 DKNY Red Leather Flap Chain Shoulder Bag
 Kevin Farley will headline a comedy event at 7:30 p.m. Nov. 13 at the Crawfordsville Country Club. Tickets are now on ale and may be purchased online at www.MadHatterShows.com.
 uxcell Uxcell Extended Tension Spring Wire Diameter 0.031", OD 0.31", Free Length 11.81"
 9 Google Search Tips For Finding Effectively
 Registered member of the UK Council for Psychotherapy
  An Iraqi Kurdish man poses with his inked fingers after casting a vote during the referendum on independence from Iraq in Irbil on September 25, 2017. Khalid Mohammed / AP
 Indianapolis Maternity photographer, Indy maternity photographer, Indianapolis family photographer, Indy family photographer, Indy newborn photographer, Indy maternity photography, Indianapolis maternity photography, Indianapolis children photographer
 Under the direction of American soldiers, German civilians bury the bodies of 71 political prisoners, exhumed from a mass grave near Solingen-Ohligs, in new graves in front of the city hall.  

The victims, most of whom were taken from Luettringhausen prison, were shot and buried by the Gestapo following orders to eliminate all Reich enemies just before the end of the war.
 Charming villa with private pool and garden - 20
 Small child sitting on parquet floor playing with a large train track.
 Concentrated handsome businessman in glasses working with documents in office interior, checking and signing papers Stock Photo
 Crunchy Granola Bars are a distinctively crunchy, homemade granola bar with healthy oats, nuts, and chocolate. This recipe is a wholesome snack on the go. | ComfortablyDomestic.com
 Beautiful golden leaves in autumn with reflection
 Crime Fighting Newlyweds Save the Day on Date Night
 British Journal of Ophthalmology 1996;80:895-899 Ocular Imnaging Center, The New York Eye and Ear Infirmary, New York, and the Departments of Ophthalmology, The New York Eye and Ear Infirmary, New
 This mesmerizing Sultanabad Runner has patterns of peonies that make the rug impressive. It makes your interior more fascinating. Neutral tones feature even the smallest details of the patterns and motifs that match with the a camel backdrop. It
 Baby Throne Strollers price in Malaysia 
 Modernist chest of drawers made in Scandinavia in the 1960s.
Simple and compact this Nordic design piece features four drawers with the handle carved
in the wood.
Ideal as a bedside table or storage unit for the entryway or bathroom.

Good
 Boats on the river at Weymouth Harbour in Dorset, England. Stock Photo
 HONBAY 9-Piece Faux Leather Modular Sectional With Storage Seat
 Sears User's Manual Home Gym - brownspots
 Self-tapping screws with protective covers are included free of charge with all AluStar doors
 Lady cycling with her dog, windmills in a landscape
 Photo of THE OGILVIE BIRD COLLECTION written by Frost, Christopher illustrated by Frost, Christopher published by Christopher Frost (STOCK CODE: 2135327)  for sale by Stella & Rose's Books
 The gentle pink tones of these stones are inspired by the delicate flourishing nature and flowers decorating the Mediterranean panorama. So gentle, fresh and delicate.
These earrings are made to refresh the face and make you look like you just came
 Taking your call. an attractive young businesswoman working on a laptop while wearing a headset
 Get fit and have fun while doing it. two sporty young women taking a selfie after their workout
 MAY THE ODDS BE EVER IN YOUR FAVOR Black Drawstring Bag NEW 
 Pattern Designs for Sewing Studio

---

▶ _PROBLEM DETAILS_
For the lines above, output exactly those from the line containing "This mesmerizing Sultanabad" through the line containing "HONBAY 9-Piece Faux", and skip the others.

▶ _RESPONSE BELOW_
 This mesmerizing Sultanabad Runner has patterns of peonies that make the rug impressive. It makes your interior more fascinating. Neutral tones feature even the smallest details of the patterns and motifs that match with the a camel backdrop. It
 Baby Throne Strollers price in Malaysia 
 Modernist chest of drawers made in Scandinavia in the 1960s.
Simple and compact this Nordic design piece features four drawers with the handle carved
in the wood.
Ideal as a bedside table or storage unit for the entryway or bathroom.

Good
 Boats on the river at Weymouth Harbour in Dorset, England. Stock Photo
 HONBAY 9-Piece Faux Leather Modular Sectional With Storage Seat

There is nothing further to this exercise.